JULIANA MEDEIROS: Falando agora em Covid-19, o chefe da equipe de especialistas da Comissão Nacional de Saúde da China, Liang Wannian, defendeu recentemente a estratégia chinesa para enfrentar a pandemia, que utiliza testes em larga escala para rastreamento de contágios e o lockdown para isolar possíveis surtos da enfermidade. Segundo ele, o país tem números pequenos de infectados e mortes por covid-19 e, portanto, é possível “concluir que as estratégias de controle da pandemia na China têm sido eficazes e atendem ao objetivo de salvar vidas”. Mesmo diante de novos focos do surto surgidos há alguns dias, as autoridades locais mantém a estratégia de zerar a taxa de novos casos para poder voltar à normalidade. Como você vê, Elias, essa sinofobia que surgiu a partir desse cenário de pandemia? E essa teria conspiratória de que a China inventou um vírus para dominar o mundo ou coisa parecida?
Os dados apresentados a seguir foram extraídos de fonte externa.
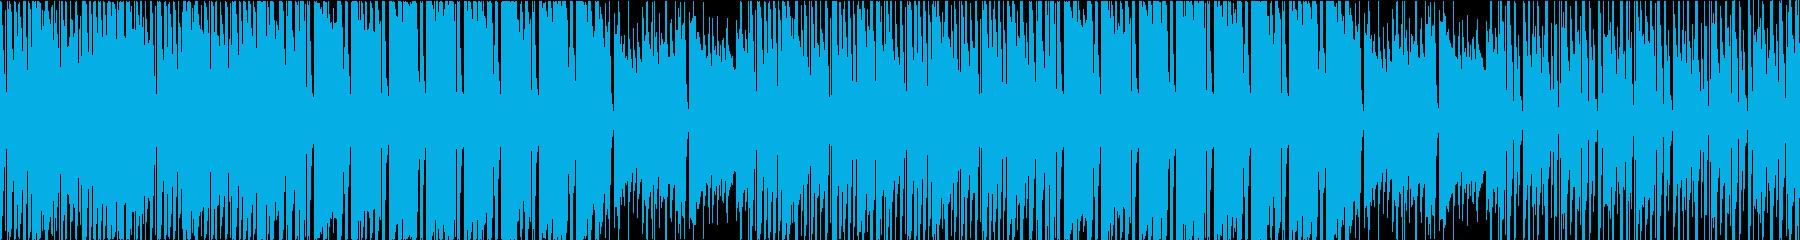 気だるい雰囲気のヒップホップループの再生済みの波形

ELIAS JABBOUR: Cara, é o tipo da questão assim que a resposta é a não resposta, porque eu acho que isso é a completa desumanização da humanidade. Vamos lá, os americanos não conseguiram lidar com uma pandemia que talvez tenha nascido lá. Ou seja, existem papers científicos demonstrando que o vírus já andava pelos Estados Unidos antes de dezembro de 2020. Isso não sou eu quem falo. Existem artigos científicos tratando disso. Mas como os americanos estão empilhando um milhão de mortos. E ao invés de lidar com essa realidade, eles preferem colocar a culpa em um país amplamente vitorioso quando na verdade se o Ocidente fosse inteligente, ou seja, vamos lá, [digamos que] eu sou a favor do capitalismo, vamos dizer assim, eu quero salvar o capitalismo do seu fim. Em vez de falar mal daquela experiência ali, vamos estudar o que aqueles caras fizeram pra poder ter sucesso no controle dessa epidemia e tentar copiar aqui. Mas não, né? Então é muito mais fácil você fazer um jogo de olha “não presta”, sinofobia, “vírus chinês”, esse racismo que está impregnado mundo afora e esse fascismo impregnado mundo afora. Ou seja, é uma não resposta, eu não sei responder. Vamos dizer, em termos conceituais e categoriais essa questão que você fez eu [diria que] não sei, [é uma] expressão da própria decadência de algo que já está passando do seu tempo histórico, que é o capitalismo. Então, quando algo passa do seu tempo histórico, começa a lidar com o contraditório dessa forma que estou te falando, apontando o dedo, fazendo julgamentos morais, em vez de olhar pra si mesmo e buscar a solução dos seus problemas.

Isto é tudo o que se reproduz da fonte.